La contribution de l’IA dans notre quotidien ne cesse de croître à travers les diverses applications rendues accessibles, comme la reconnaissance vocale, la détection de visages sur des images, les chatbots, etc. Ces technologies utilisent des algorithmes de Machine Learning pour établir des modèles prédictifs spécifiques aux besoins.
Le déploiement de l’IA sous forme d’application web ou mobile est une phase clé afin de mieux tirer profit de son apport. Nous parlons d’une API (service web) qui sera interrogée à chaque nouvelle donnée (nouvelle commande vocale, nouvelle image à identifier).
Dans cet article, nous vous présentons un cas concret de construction d’un modèle d’IA et de son déploiement via une application mobile, le tout en moins d’une heure chrono !
Azure Machine Learning Studio (AzureML) pour le modèle, Xamarin pour le déploiement
Il existe de nombreuses librairies de Machine Learning, qu’elles soient open-source ou payantes, sous forme d’API ou de logiciels. Dans le cas présent, nous utiliserons Azure Machine Learning Studio : c’est un outil permettant de créer un modèle de Machine Learning depuis un navigateur web via une interface graphique, il n’est donc pas nécessaire d’écrire une ligne de code !
AzureML studio contient les étapes essentielles du Machine Learning comme la sélection des données, leur nettoyage, l’apprentissage et la validation.
Xamarin est une suite d’outils de développement en C# pour des applications mobiles natives (Android, iOS, Windows). Il permet de développer à la fois des interfaces graphiques communes ou spécifiques à chaque système d’exploitation.
Le lien entre AzureML et Xamarin se fait grâce à une fonctionnalité particulièrement intéressante de AzureML: il s’agit de la possibilité de déployer un modèle de Machine Learning sous la forme d’un service web. Ainsi, AzureML fournit les templates des classes en C# prêtes à être utilisées dans Xamarin.
Exemple concret : identifier des arbres !
Nous présentons un exemple de Machine Learning plutôt ludique: nous souhaitons prédire l’année de plantation d’un arbre à Paris depuis ses caractéristiques (taille, circonférence et diamètre). Pour cela, nous utilisons des données issues du portail open-data de la ville de Paris (https://opendata.paris.fr/), qui recense tous les arbres parisiens. Nous décrirons dans ce qui suit les étapes pour reproduire cet exemple.
Construction du modèle avec Azure ML
L’utilisation de AzureML se fait via l’adresse https://studio.azureml.net. Une fois connecté, l’outil propose de créer des projets contenant l’expérience de machine learning. Dans notre cas, nous souhaitons prédire l’année de plantation d’un arbre.
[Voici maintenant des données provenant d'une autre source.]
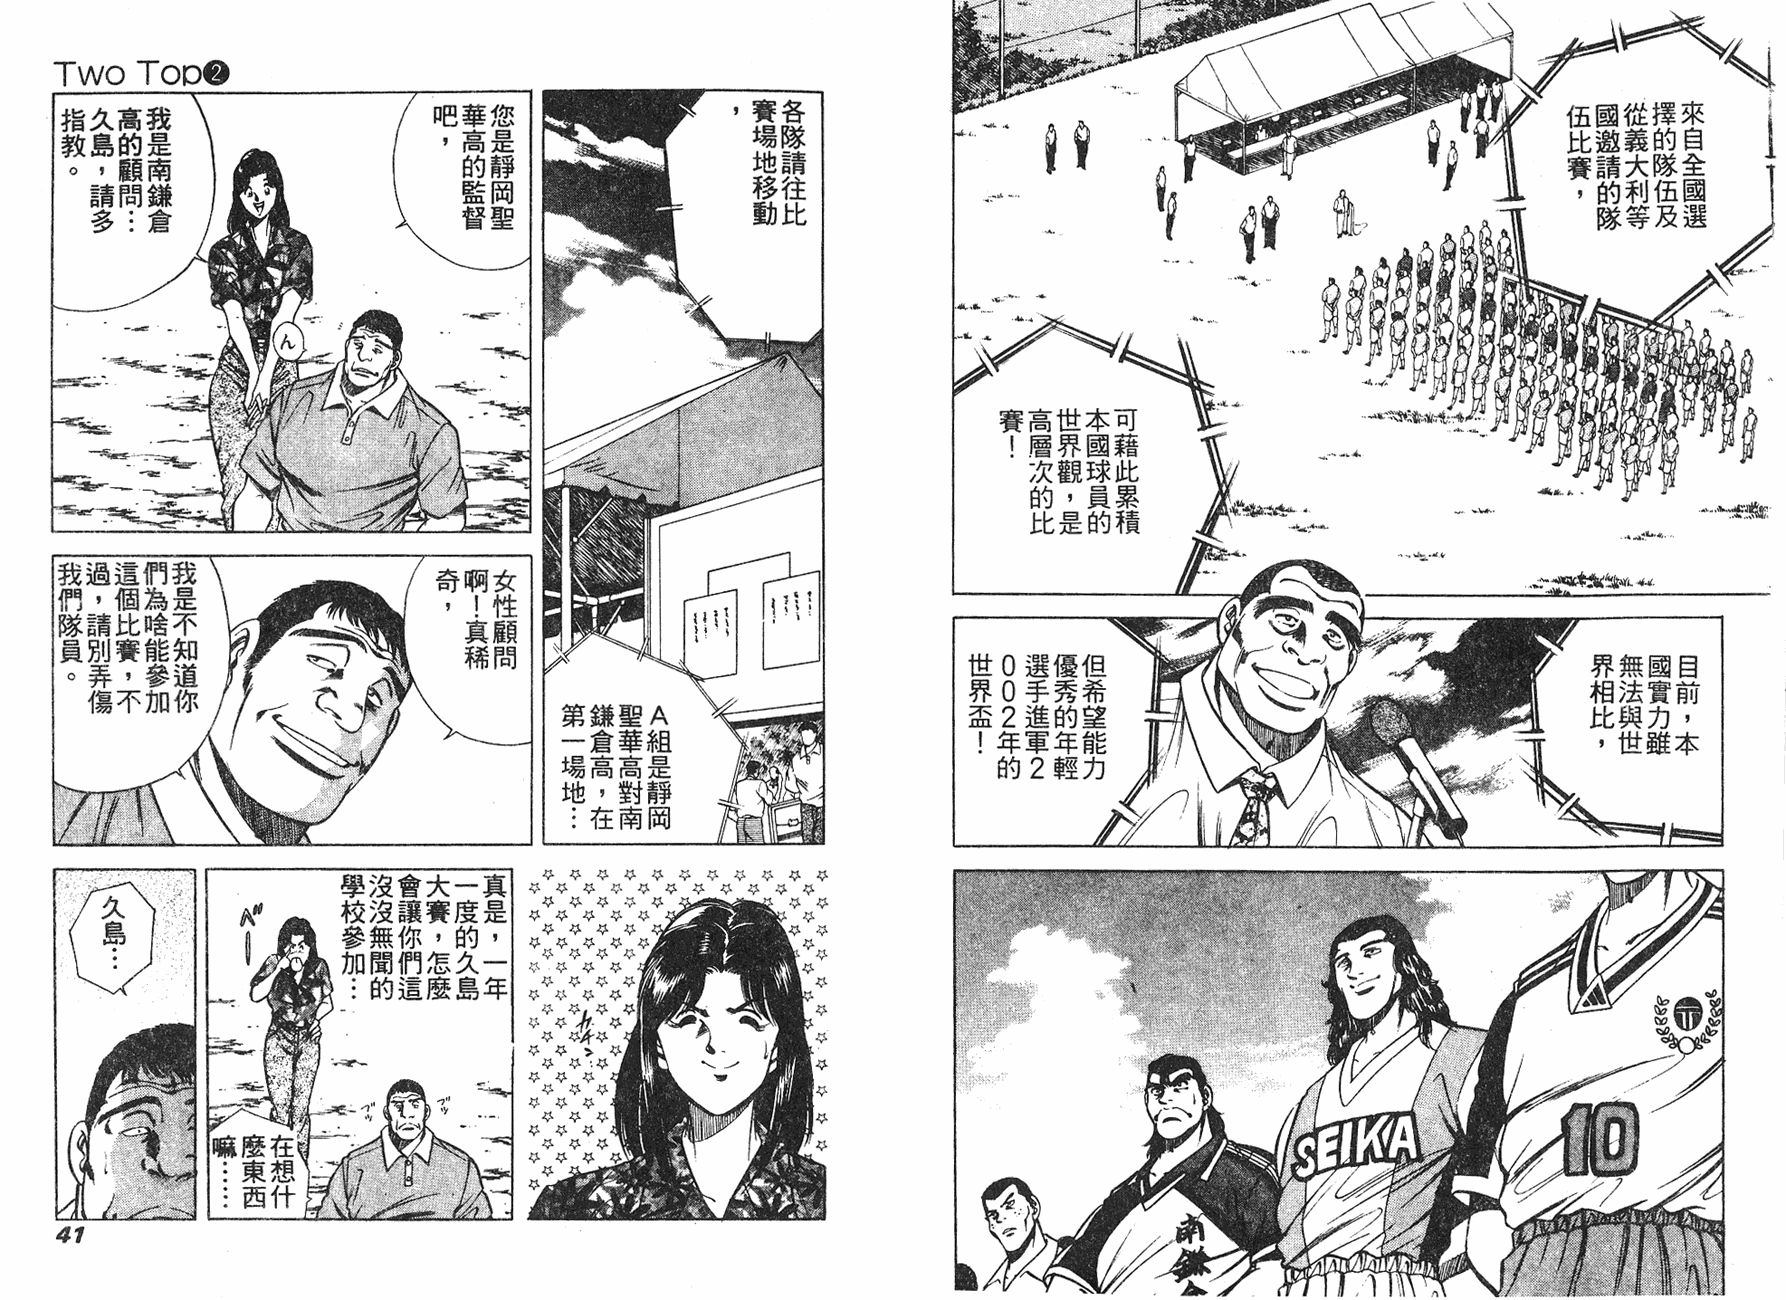 Two Top - 第02卷(1/3) - 6

L’expérience se compose d’un ensemble de traitements représentés par des briques. Chaque brique applique une action de transformation sur les données, les connexions représentent l’ordonnancement des briques et donc des transformations.
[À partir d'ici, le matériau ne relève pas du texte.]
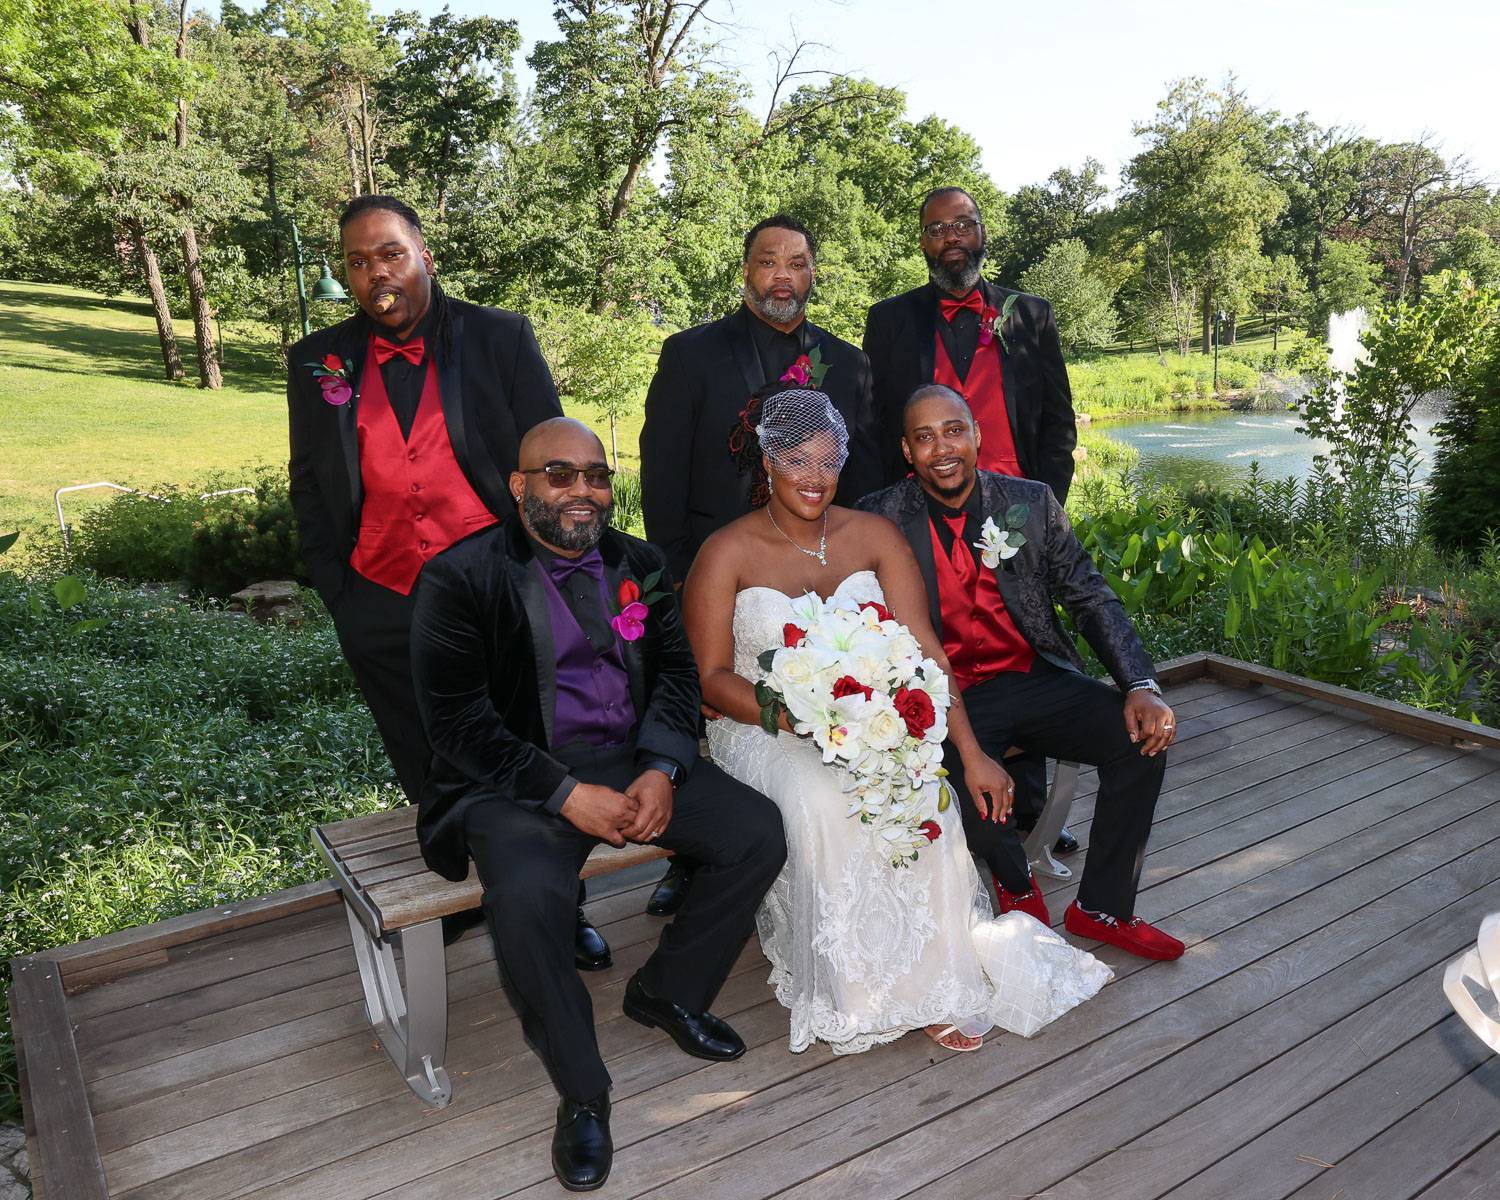 The newlyweds with the groomsmen in the garden

Nous ajoutons les différentes briques pour préparer les données et construire le modèle prédictif. Ainsi, l’expérience contient dans l’ordre les briques suivantes :
- Le jeu de données des arbres au format csv uploadé (1). Il est à noter que AzureML permet de lire plusieurs formats de fichier de données y compris des flux ou des bases de données.
- La sélection des colonnes utiles pour notre modèle (2). Nous avons retenus 4 colonnes décrivant l’espèce des arbres (exemple: chêne, platane, …), leur circonférence (en centimètres), leur hauteur (en mètres) et l’année de leur plantation qui sera la variable à prédire par le modèle.
- Le nettoyage des données (3) à travers des transformations comme la suppression des lignes d’arbres avec des données manquantes ou encore l’extraction de l’année depuis la date de plantation. La sortie du nettoyage est ensuite convertie au format dataset (4) afin d’établir le modèle prédictif.
- Le découpage de l’ensemble des données en deux sous-ensembles (5): un sous-ensemble d’apprentissage pour construire le modèle et un autre sous-ensemble de test pour évaluer le modèle. Ceci permet mesurer la performance de généralisation du modèle sur des données différentes à celles de l’apprentissage, et d’éviter le phénomène dit de “sur-apprentissage”.
- L’entraînement du modèle sur le sous-ensemble d’apprentissage (6). Nous avons utilisé l’algorithme Boosted Decision Tree Regressor (7), il présente l’avantage de combiner des informations hétérogènes ce qui correspond à la nature de nos variables (mesures, espèce, …) et de nécessiter un paramétrage minimal. L’algorithme Boosted Decision Tree Regressor produit un ensemble de règles regroupées sous forme d’arbre de décision. Dans notre cas, la décision consiste à estimer (ou régresser) l’année de plantation de l’arbre à partir d’un ensemble de conditions sur ses caractéristiques. On parle de régression puisque l’algorithme calcul une approximation de l’année (valeur quantitative).
- La brique scoring (8) permet de tester le modèle sur le sous-ensemble de test afin d’évaluer la qualité de notre modèle et d’estimer sa précision (9). Ainsi, le modèle est utilisé pour calculer les années de plantation. Ces estimations sont comparées aux années de plantation réelles afin de mesurer l’erreur du modèle. Cela nous a permis de constater que la marge d’erreur et de +/- six ans, ce qui est plutôt raisonnable.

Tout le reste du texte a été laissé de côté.